Labourers in the Vineyard

The parable of the labourers in the vineyard (Matthew 20 v 1-16) seems to have relevance today. Without wanting to sound a sanctimonious prig (while doing so), when I laboured in the City I tried to do what was morally right. Additionally I tried not to mind what my colleagues were paid. I was only interested in my pay and if I was satisfied why should I care if a colleague was paid more or less? 

The BBC published how much they pay their top earners and a row erupted over the differential between male and female presenters. Now journalist Kevin Myers has been sacked by The Sunday Times for suggesting that female Jewish presenters get better paid than Gentile women. I don’t have a dog in this fight although it may be that the former have more aggressive agents. However, it does smack of the parable. I suppose the difference is that the vineyard owner is a private enterprise and the BBC are spending licence payers’ money.

Up to a pont it is willing buyer/willing seller although the law can intervene. Do you remember Gilbert O’Sullivan? He had great success singing pop songs in the 1970s but was mighty cheesed-off to discover that he was being fleeced by his management company. In 1982 O’Sullivan & Another v. Management Agency & Music Ltd & Others came before Sir William Mars-Jones. He was an old-school lawyer. When he represented Kevin McClory against Ian Fleming in a case, that he won, alleging that Fleming had stolen McClory’s plot for Thunderball his opening speech took a magnificent twenty-eight hours and eight minutes. That was in 1963. Could you get away with that verbosity now – even with Welsh blood? Incidentally it was worth the effort – his fee was £10,000.

Gilbert O’Sullivan

In 1982 he determined that Gilbert O’Sullivan had been ripped off and, after a partially successful appeal by MAM, he was awarded £7 million. The labourers in the parable that worked through the heat of the day were not successful in their appeal to their employer.

Kevin Myers for years wrote An Irishman’s Diary in The Irish Times. I met him when he came to Barmeath as a guest beater for a shoot. His diary piece about the shoot was a poor reflection of what was an unusual day. I suppose he thought that as a guest he should dissimulate somewhat.

The Garda Síochána arrived first – before breakfast. They were augmented by the army and picnic lunches later. They intended to do what we were about to do, namely beat through the woods. They were looking for Dessie O’Hare, an IRA man known as “The Border Fox”. Our quarry was a pheasant. Their programme was not conducive to a successful pheasant shoot but like the Strauss opera, Ariadne auf Naxos, the two events had to happen concurrently. Neither side were told about the other activity. There was nearly a nasty incident when an armed, camouflaged soldier appeared out of a bush startling a shotgun-wielding guest. Both thought they were in trouble.

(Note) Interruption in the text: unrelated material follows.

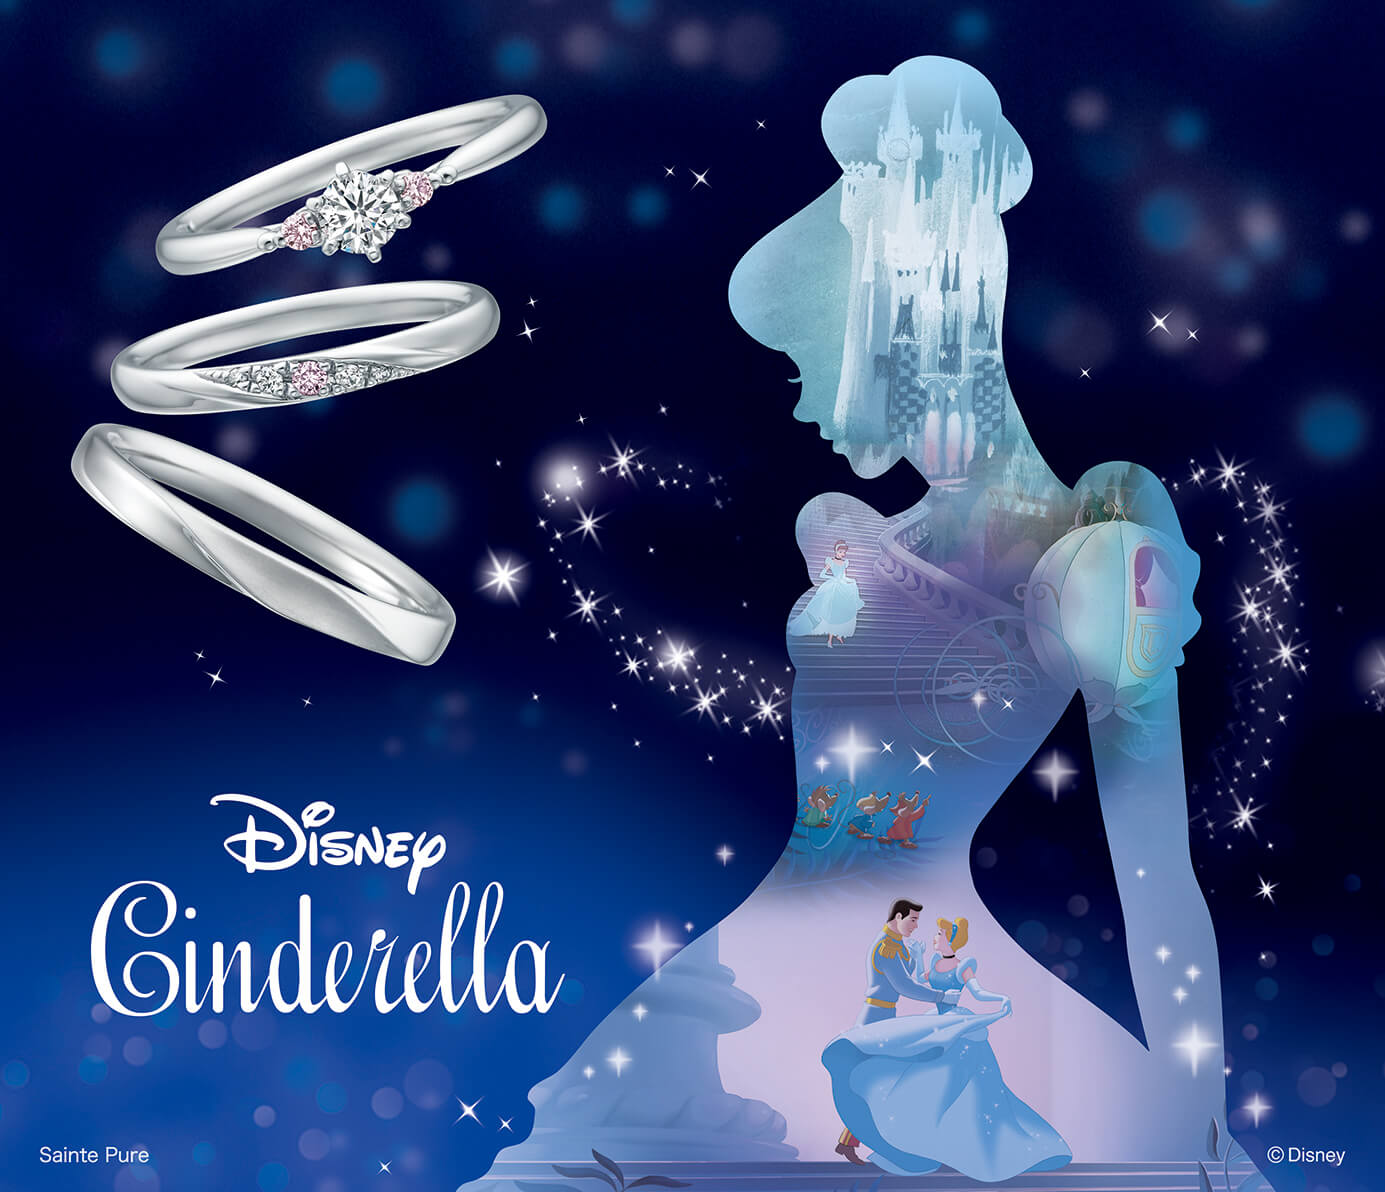 Disneyシンデレラ2022の婚約指輪エンゲージリングと結婚指輪マリッジリングのpumpkicarriageパンプキンキャリッジn

I liked Kevin Myers and suggest that if The Sunday Times didn’t like the tone of his piece they shouldn’t have published it. “The Border Fox” was later cornered in a bar in Dunleer where there was a Wild West shoot-out.

To remind, here is how the parable panned out.

The workers who were hired about five in the afternoon came and each received a denarius. So when those came who were hired first, they expected to receive more. But each one of them also received a denarius. When they received it, they began to grumble against the landowner. ‘These who were hired last worked only one hour,’ they said, ‘and you have made them equal to us who have borne the burden of the work and the heat of the day.’

“But he answered one of them, ‘I am not being unfair to you, friend. Didn’t you agree to work for a denarius? Take your pay and go. I want to give the one who was hired last the same as I gave you. Don’t I have the right to do what I want with my own money? Or are you envious because I am generous?’

 “So the last will be first, and the first will be last.

2 comments

  1. I am duly cautious about mixing-in on the matter of Kevin Myers’s being an anti-Semite (which I doubt), but I can say with certainty that his 2009 memoir of the Troubles, “Watching The Door: Cheating death in 1970s Belfast”, seemed to me very exciting and moving. I would be surprised if it weren’t quite an important historic document. He says now that his reputation is in tatters, but I doubt that. He’s in hard covers, at book length, and that sort of stuff lasts much better than high-wire journalism.

    1. His diary piece in The Irish Times described how he was unaccustomed to watch pheasants being shot but, in the event, saw that – like a Hollywood Western – no birds were killed in the days sport. Not quite true;the bag at Barmeath never strays into double figures but I recall once a dog catching a bird on the ground, a welcome addition to a hitherto non-existent bag.